An obvious response would be – does that mean you are also in favour of unity of Britain and Ireland?   And the answer is yes.  Provided the unity was one of equals, then there could be no objection to political arrangements that would further the erosion of national division and increase the grounds for united action by the working classes of the nationalities involved – English, Scottish, Welsh and Irish.  Previous unity of the islands involved British imperialist domination that was rejected by the majority of the Irish people and history demonstrated that no unity of the peoples was possible under these conditions, at that time at least.
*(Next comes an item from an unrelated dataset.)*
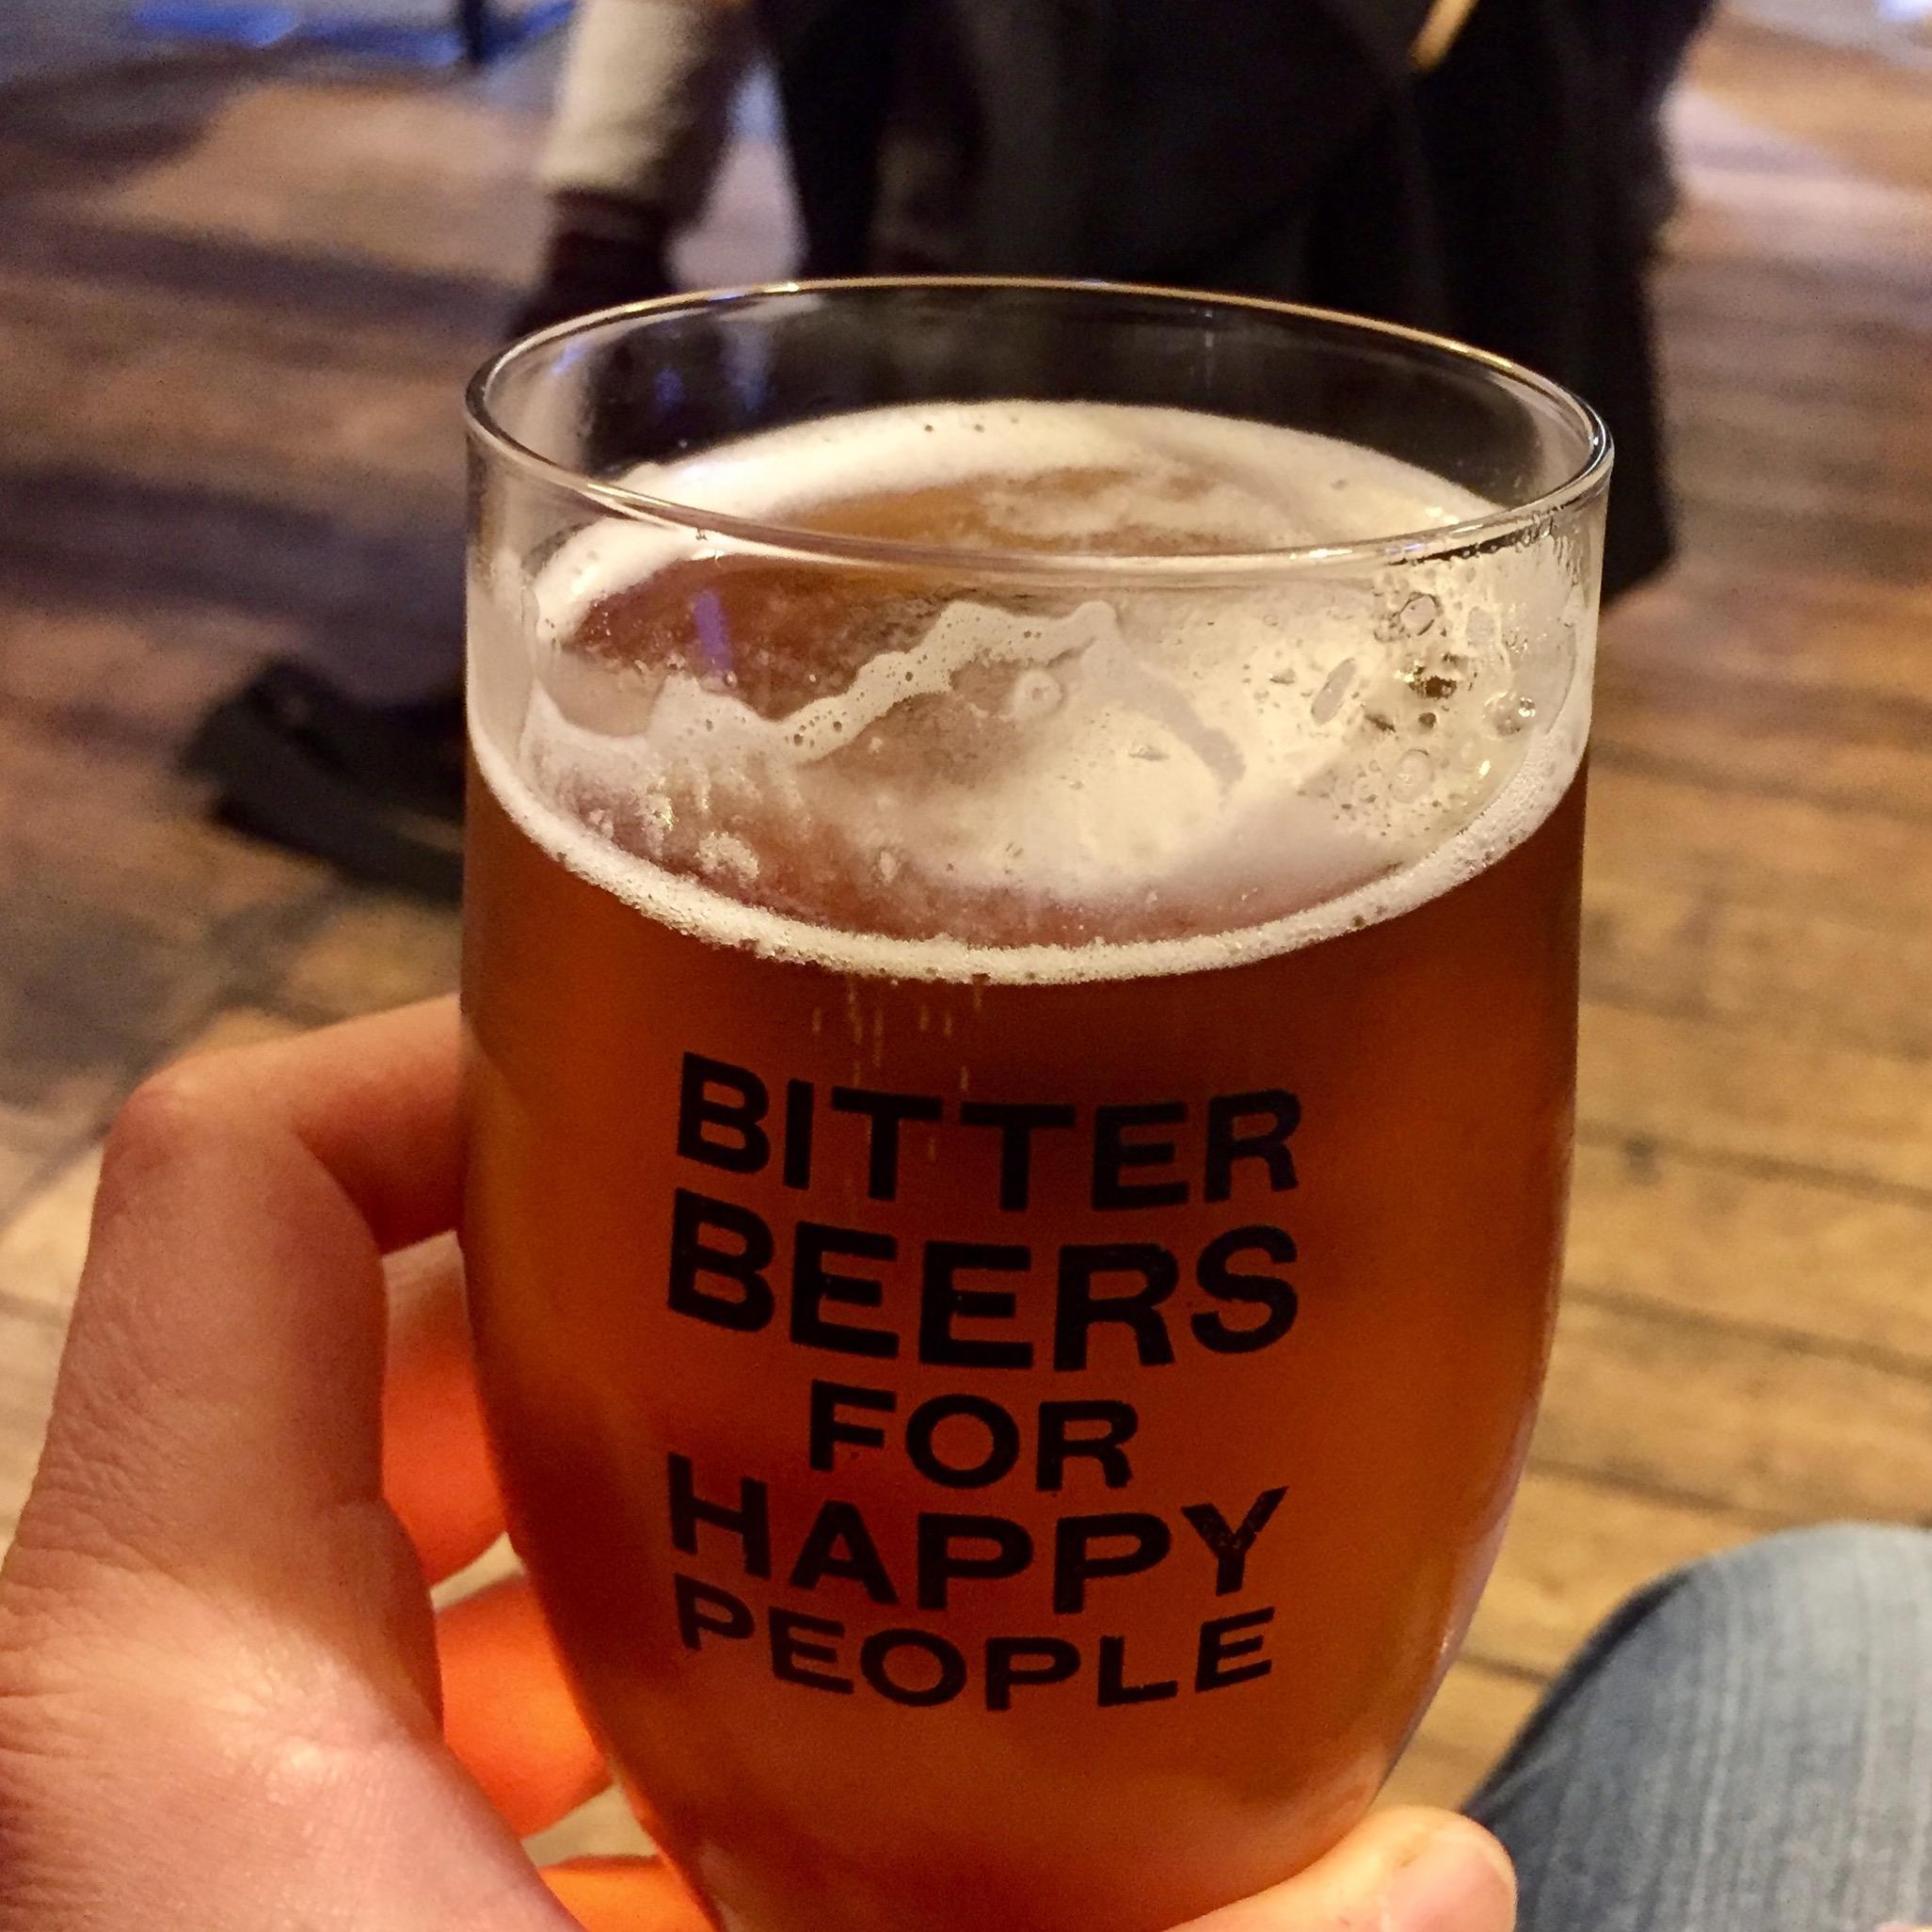 Walkley Beer Co

As I pointed out in this discussion – I am in favour of a united Europe.

The independence of Ireland has not been an over-riding principle for socialists and this is something that divides us from republicans, including those describing themselves as socialist republicans, or more bizarrely, republican socialists, whose socialism is in reality a variety of republicanism.  So much so that their socialism is not a means to overcome national division but a means of emphasising their nationalism: ensuring what they believe will be effective independence as opposed to nominal independence under a neo-colonial yoke.
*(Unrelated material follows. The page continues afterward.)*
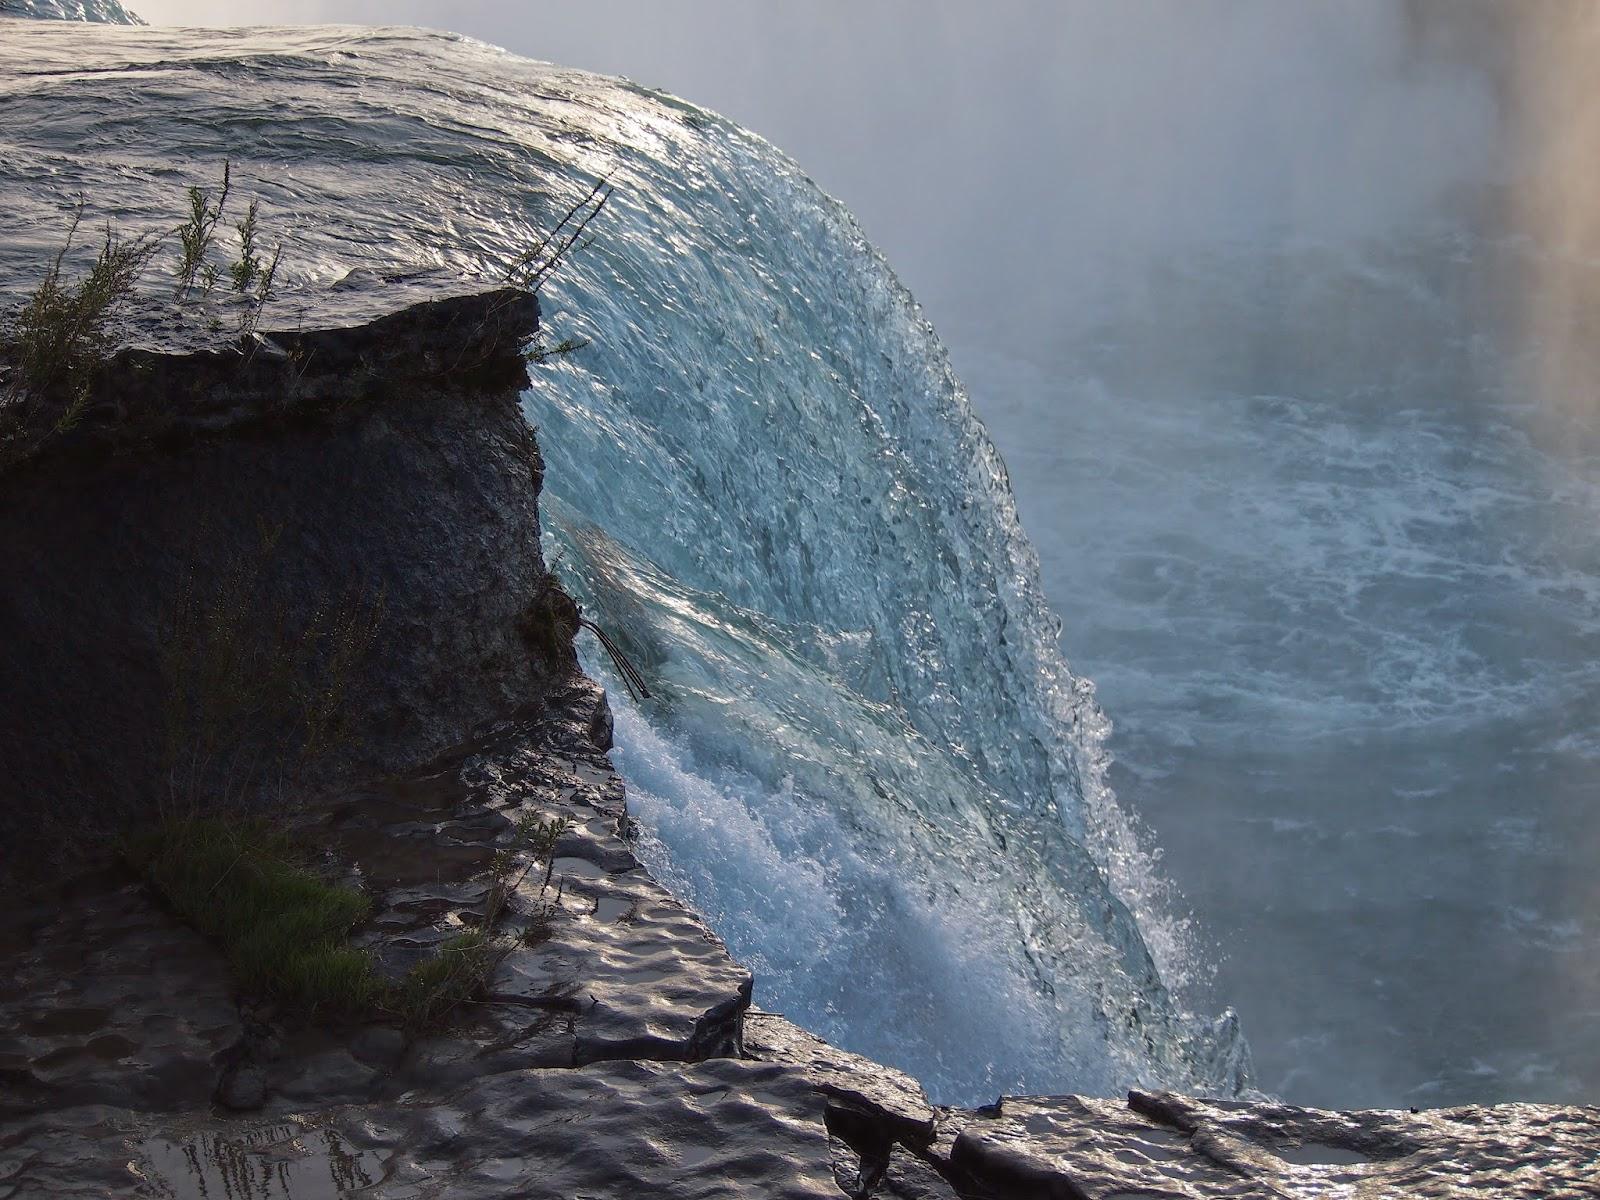 アメリカ側からのナイアガラの滝

What matters to socialists therefore is the unity of people, particularly of the working class, which is the bearer of a new socialist society, and not particularly the unity of state formations.  This is why socialists support self-determination so that unity is the voluntary unity required to overcome national divisions and not the forced unity of foreign rule and occupation.

As I have said before the absence of violent repression by English armed forces in Scotland stands in stark contrast to British repression in Ireland.  So while socialists support self-determination for Scotland we believe it should be exercised by continuing voluntary unity with the rest of Britain.  That the majority of Scottish people decided this in the referendum is therefore to be welcomed.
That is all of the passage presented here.